Все разбитые осколки (ЛП) - Уайльд Риа. Страница 34
Я ощутила, как наши узы становятся все крепче и крепче, когда он вошел в меня, его губы слились с моим, держа меня так близко к своему телу, насколько это физически возможно.
Мое тело взлетает от наслаждения, кожа пылает, когда он доводит меня до оргазма Своим членом мужчина глубоко входит в меня, его поцелуи добавляют жара.
— Атлас, — прошептала я ему в губы, когда он наконец приподнялся.
В его взгляде есть что-то такое, что отражает мой собственный. Разница между нами в том, что в этих проникновенных глазах скрыта многолетняя боль, разбитое сердце и тоска. Годы страданий.
— Я знаю, — прошептал он мне в губы. — Я знаю, светлячок.
Он никогда не отдаст мне свое сердце, не так, как я этого хотела, и мне придется довольствоваться лишь разбитыми осколками.
Все, что у меня осталось, — твое.
Но что от него осталось?
Что такого случилось, что сделало его таким? Что причинило ему такую боль?
— Давай со мной, светлячок, — шепчет он. — Мой светлячок.
Он протягивает руку между нашими телами, прижимает большой палец к моему набухшему клитору, и я взрываюсь вокруг него, откидывая голову назад в наслаждении, и его тело следует за мной, изливаясь в меня. Его член подрагивает, когда он опустошает себя, мужской стон удовольствия эхом разносится по комнате.

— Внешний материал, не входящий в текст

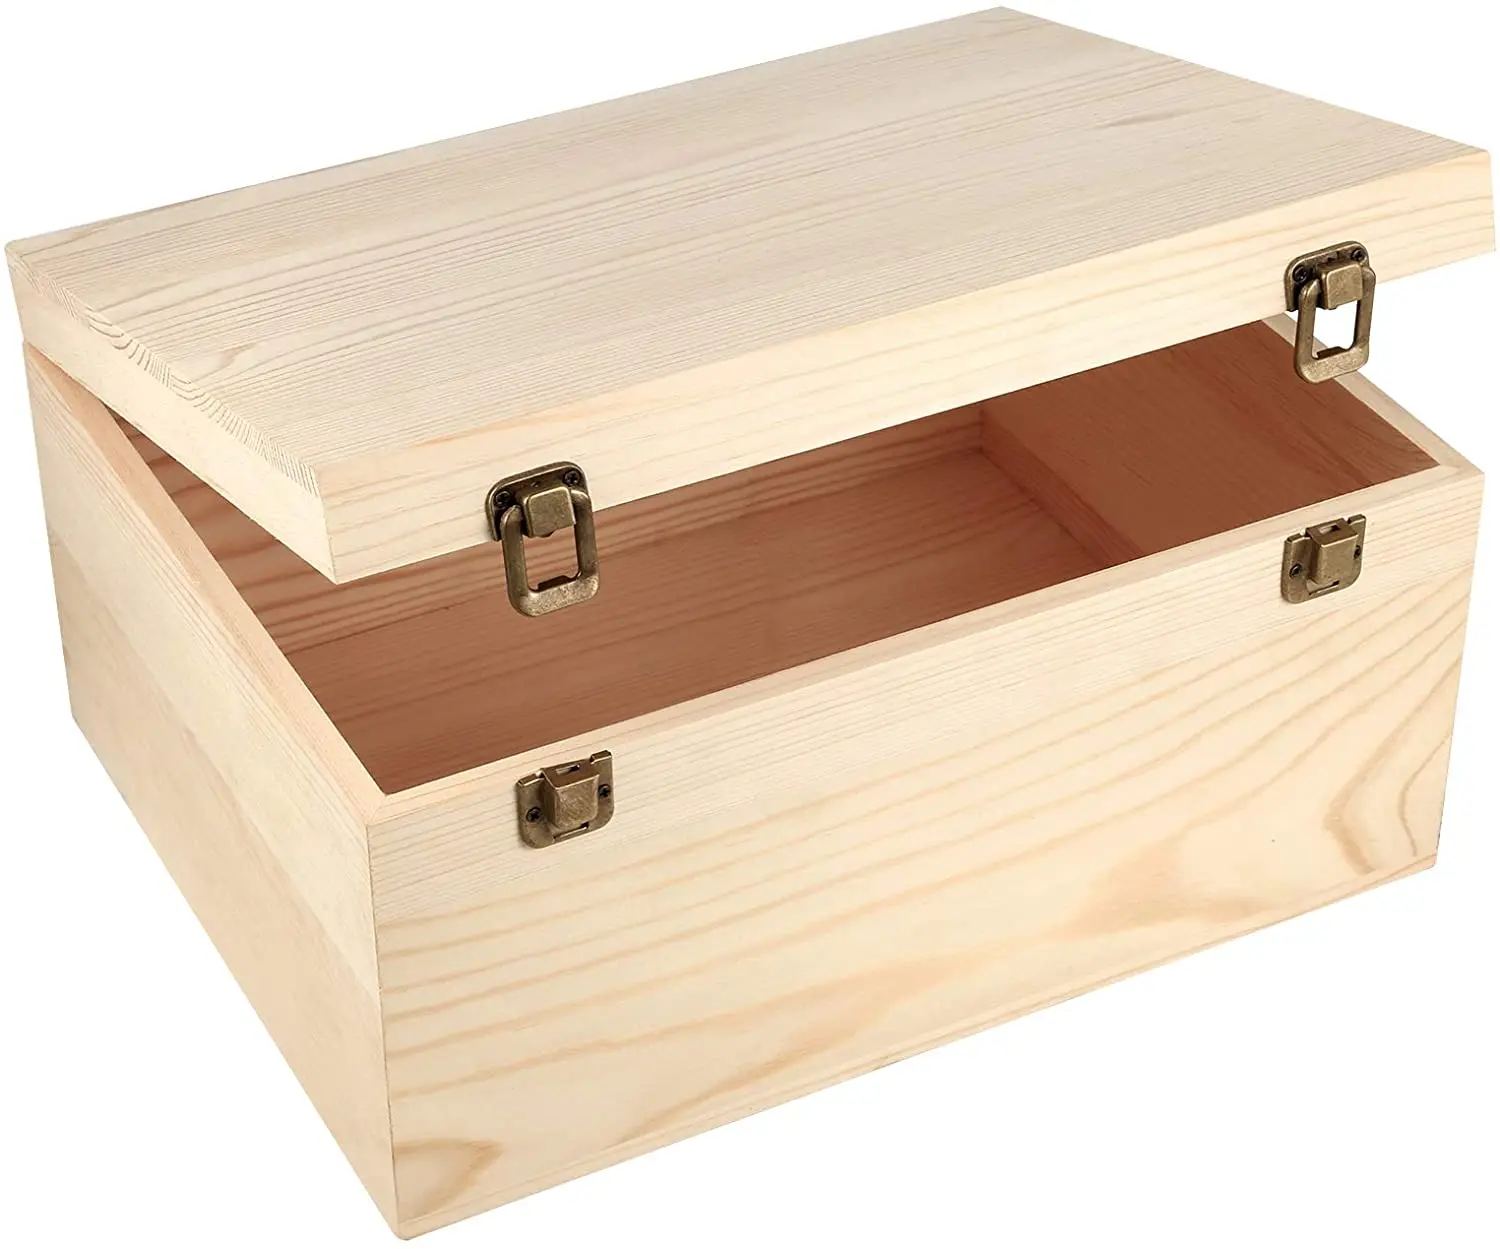 Extra Large Wood Box 13 X 10 X 6 5 Inches Large Wood Box With Hinged Lid And 2 Front Clasp For Crafts Art Hobbies Jewelry Bo Buy Wooden Jewelry Boxes Solid Wood Storage Box

Осознание того, насколько глубоки мои чувства к нему, только усиливается, когда он снимает с меня веревки и несет нас обоих в душ, усаживает на плитку под струями и просто держит меня. Он держит меня так, словно я самое дорогое, к чему он когда-либо прикасался, его руки гладят мою остывающую кожу, снимая с меня кайф, от которого у меня перехватило дыхание. Он гладит меня по спине и шепчет мне в волосы слова, которые я не слышу, но они согревают меня.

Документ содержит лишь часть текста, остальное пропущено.